The petitioners rely on the argument that the trial court was "ousted" of
jurisdiction to try their case since the pre-trial identification of the accused was
made without the assistance of counsel and without a valid waiver from the
accused. The petitioners cite the case of Olaguer v. Military Commission No.
34[2], wherein in a separate opinion, Justice Claudio Teehankee stated that "Once
a deprivation of a constitutional right is shown to exist, the court that rendered
the judgement is deemed ousted of its jurisdiction and habeas corpus is the
appropriate remedy to assail the legality of the detention."

ISSUE: WON the petition of writ of habeas corpus is the right remedy.
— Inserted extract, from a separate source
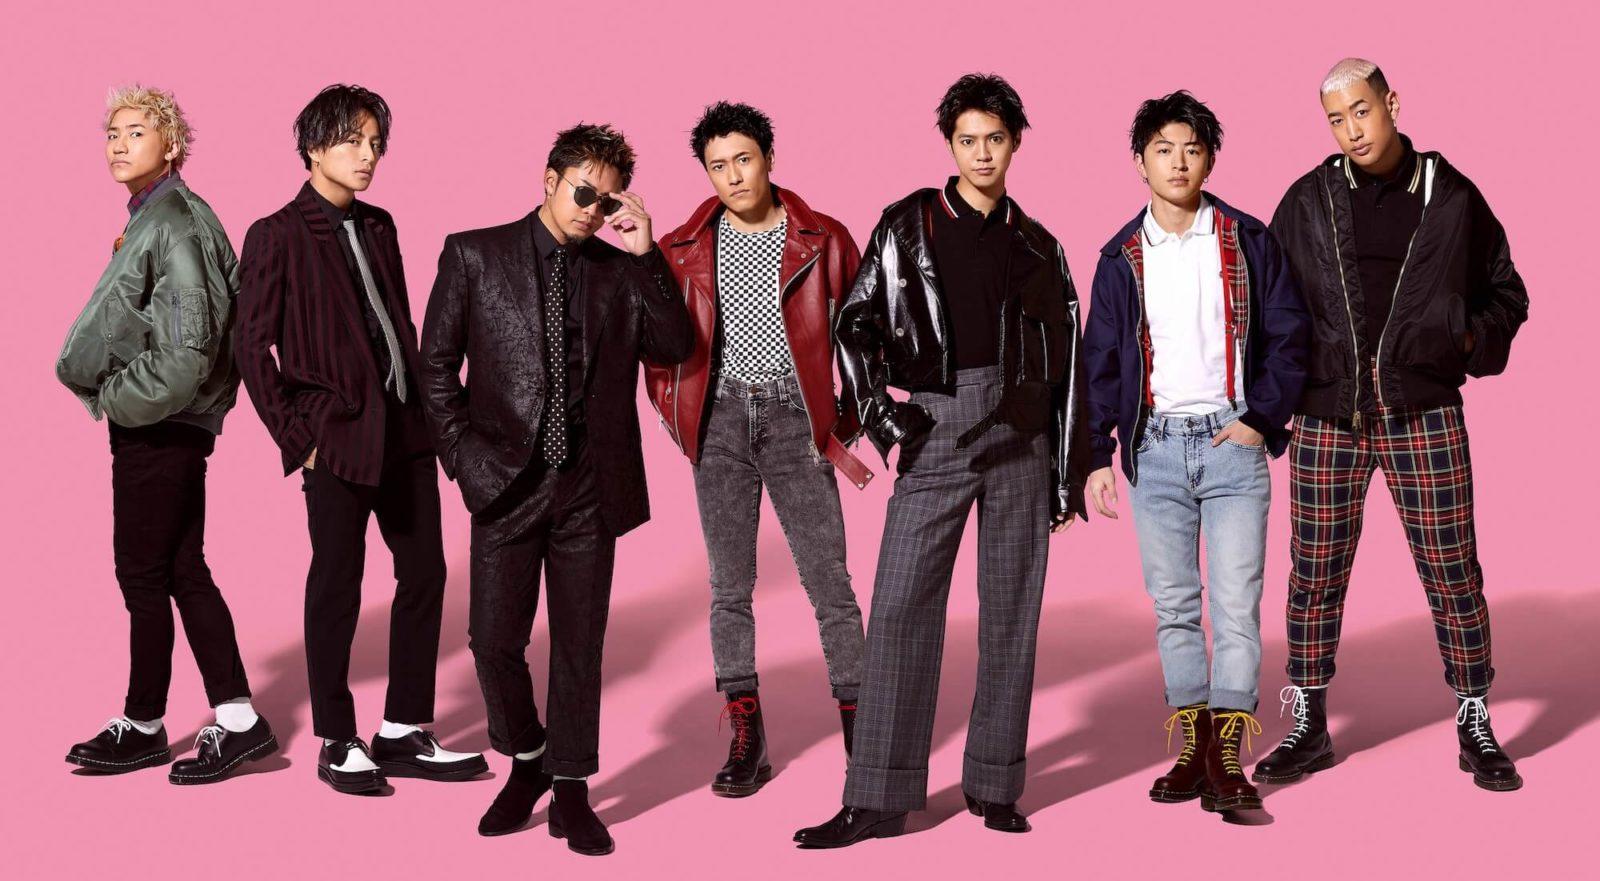 GENERATIONS from EXILE TRIBEの新曲も初登場!今注目の歌詞ランキング1位はEnGene.の「五次元チャペル」サムネイル画像!

HELD: NO. We agree with petitioners that the extra-ordinary writ of habeas
corpus is the appropriate remedy to inquire into questions of violation of the
petitioners' constitutional rights and that this Court has jurisdiction to entertain
this review.

However, in this case, the court find that there was no violation of the
constitutional rights of the accused and a resultant deprivation of liberty or due
process of law. In fact, the petition may be viewed as an attempt at a second
motion for reconsideration of a final decision of the Court, disguised as one for
habeas corpus. The accused were sentenced to the supreme penalty of death as a
result of a valid accusation, trial, and judgment by a court of competent
jurisdiction, after a fair and equitable trial. The factual milieu does not show a
mistrial or a violation of the constitutional rights of the accused.

The trial court therefore had jurisdiction to try the case. The Court subsequently
affirmed the decision based on a careful consideration of the evidence presented
both by the prosecution and the defense.